Logician and philosopher (1914–1969)

Arthur Norman Prior (4 December 1914 – 6 October 1969), usually cited as A. N. Prior, was a New Zealand–born logician and philosopher. Prior (1957) founded tense logic, now also known as temporal logic, and made important contributions to intensional logic, particularly in Prior (1971).

==Biography==
Prior was born in Masterton, New Zealand, on 4 December 1914, the only child of Australian-born parents: Norman Henry Prior (1882–1967) and his wife born Elizabeth Munton Rothesay Teague (1889–1914). His mother died less than three weeks after his birth and he was cared for by his father's sister. His father, a medical practitioner in general practice, after war service at Gallipoli and in France—where he was awarded the Military Cross—remarried in 1920. There were three more children: Elaine, the epidemiologist Ian Prior, and Owen. Arthur Prior grew up in a prominent Methodist household. His two Wesleyan grandfathers, the Reverends Samuel Fowler Prior and Hugh Henwood Teague, were sent from England to South Australia as missionaries in 1875. The Prior family first moved to New Zealand in 1893.
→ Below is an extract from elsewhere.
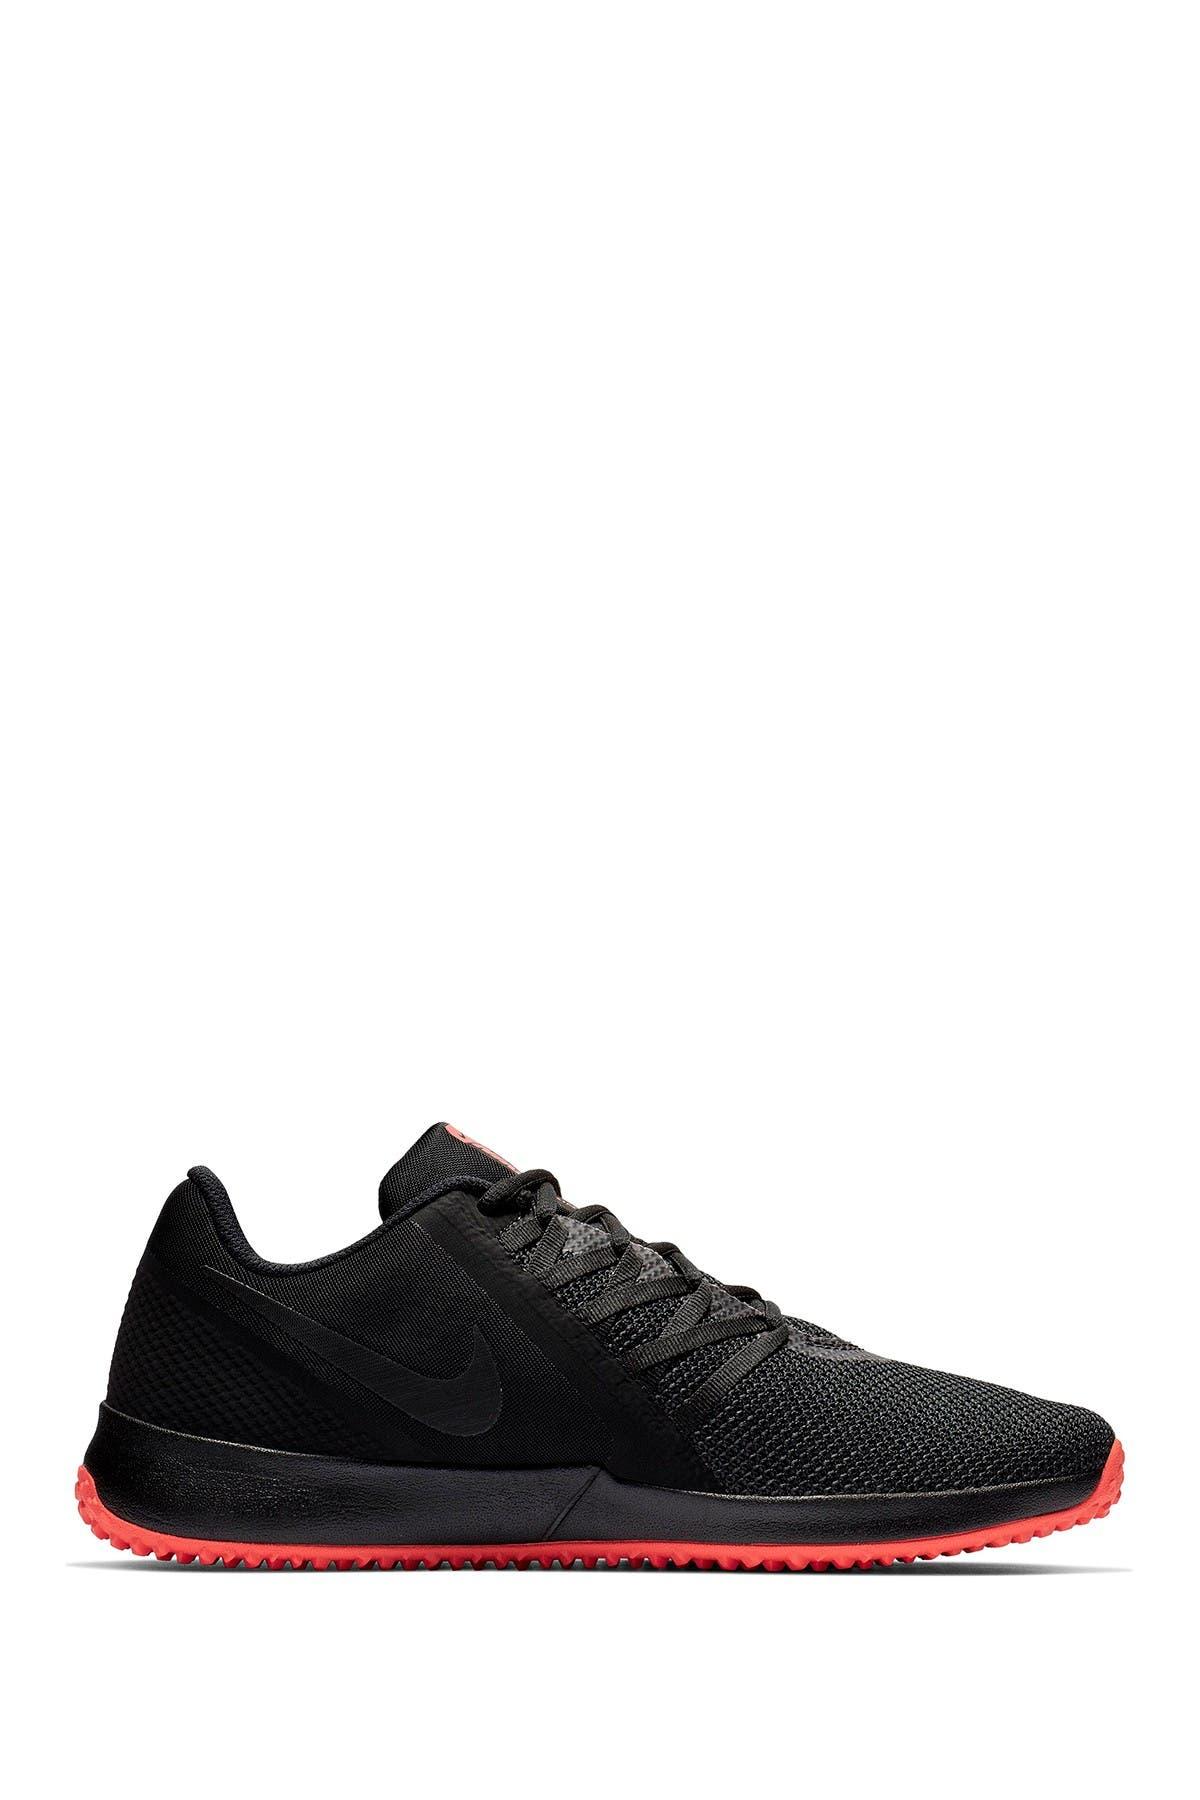 Image of Nike Varsity Complete Training Sneaker

As the son of a doctor, Prior at first considered becoming a biologist, but ended up focusing on theology and philosophy, graduating from the University of Otago in 1935 with a B.A. in philosophy. While studying for his B.A., Prior attended the seminary at Dunedin's Knox Theological Hall but decided against entering the Presbyterian ministry. J. N. Findlay introduced Prior to the study of logic. In 1936, Prior married Clare Hunter, a freelance journalist, and they spent several years in Europe, during which they tried to earn a living as writers. Daunted by the prospect of an invasion of Britain, he and Clare returned to New Zealand in 1940.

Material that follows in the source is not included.